WORK REQUIRED: Would it be possible to output exactly, and only, the lines below from the one holding "The transmittance range for NICF-V" to the last line, both included, with every picture left out?

THE DATA:
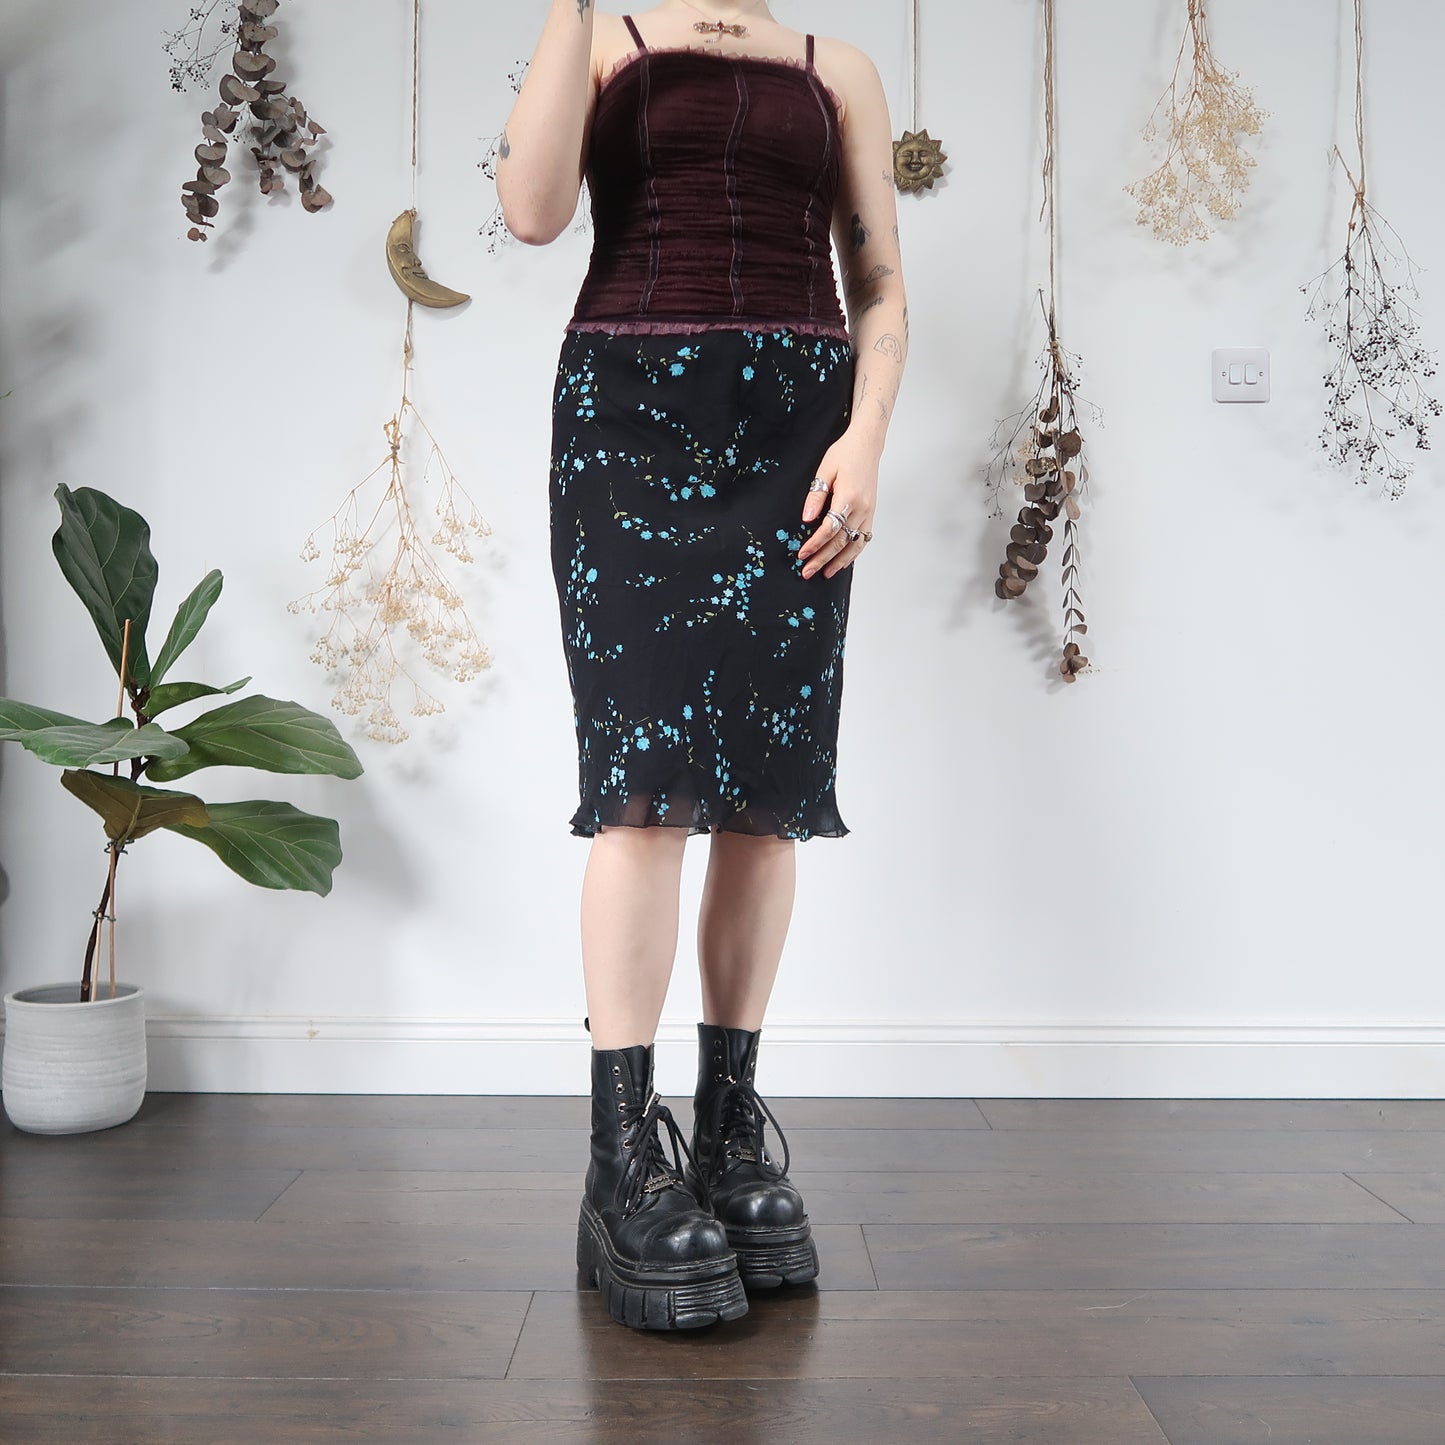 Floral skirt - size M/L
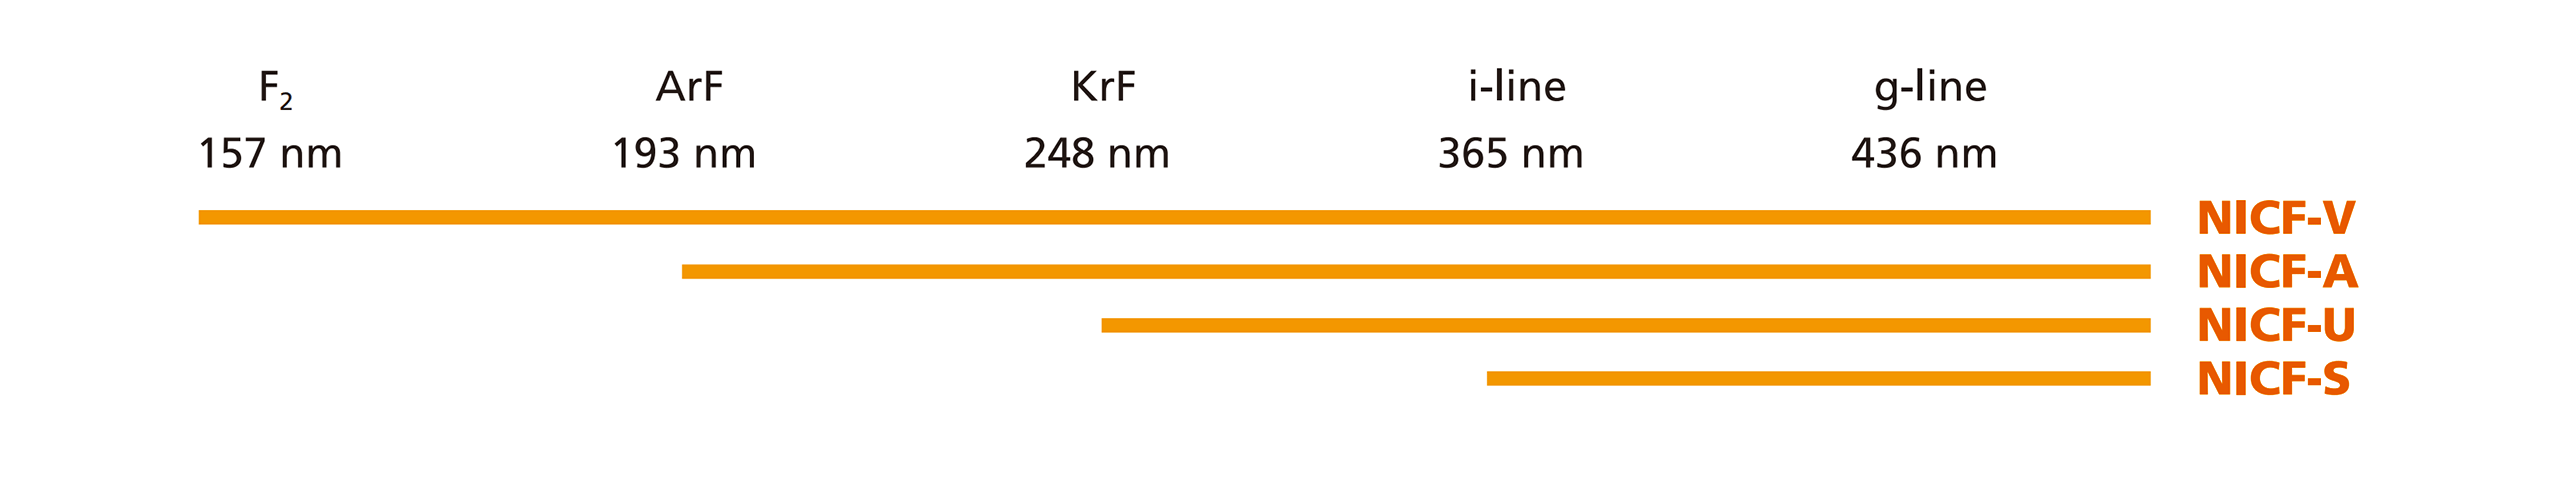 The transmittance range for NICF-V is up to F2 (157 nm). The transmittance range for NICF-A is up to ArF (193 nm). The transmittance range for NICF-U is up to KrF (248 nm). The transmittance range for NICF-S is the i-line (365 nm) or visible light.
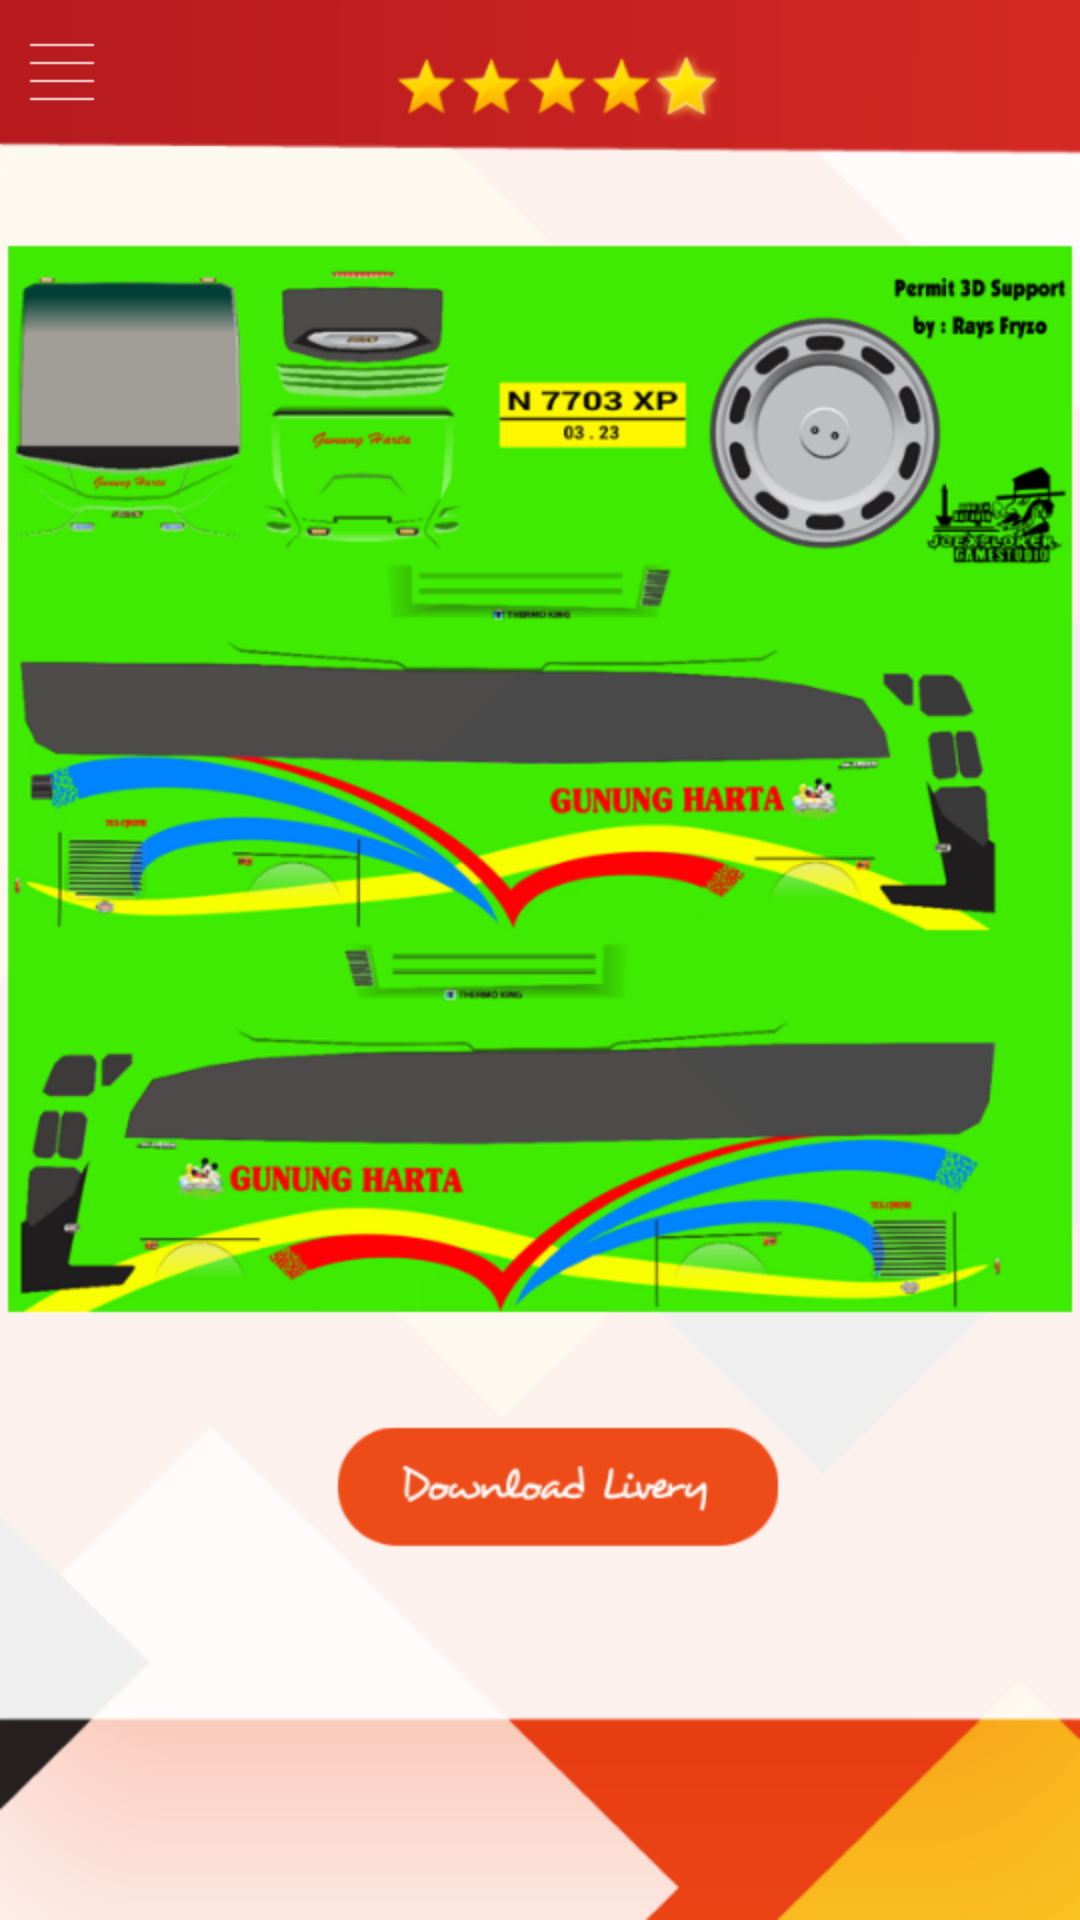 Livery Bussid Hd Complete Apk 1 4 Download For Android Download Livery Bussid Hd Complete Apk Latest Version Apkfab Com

RESULT FOR THIS TASK:
 The transmittance range for NICF-V is up to F2 (157 nm). The transmittance range for NICF-A is up to ArF (193 nm). The transmittance range for NICF-U is up to KrF (248 nm). The transmittance range for NICF-S is the i-line (365 nm) or visible light.
 Livery Bussid Hd Complete Apk 1 4 Download For Android Download Livery Bussid Hd Complete Apk Latest Version Apkfab Com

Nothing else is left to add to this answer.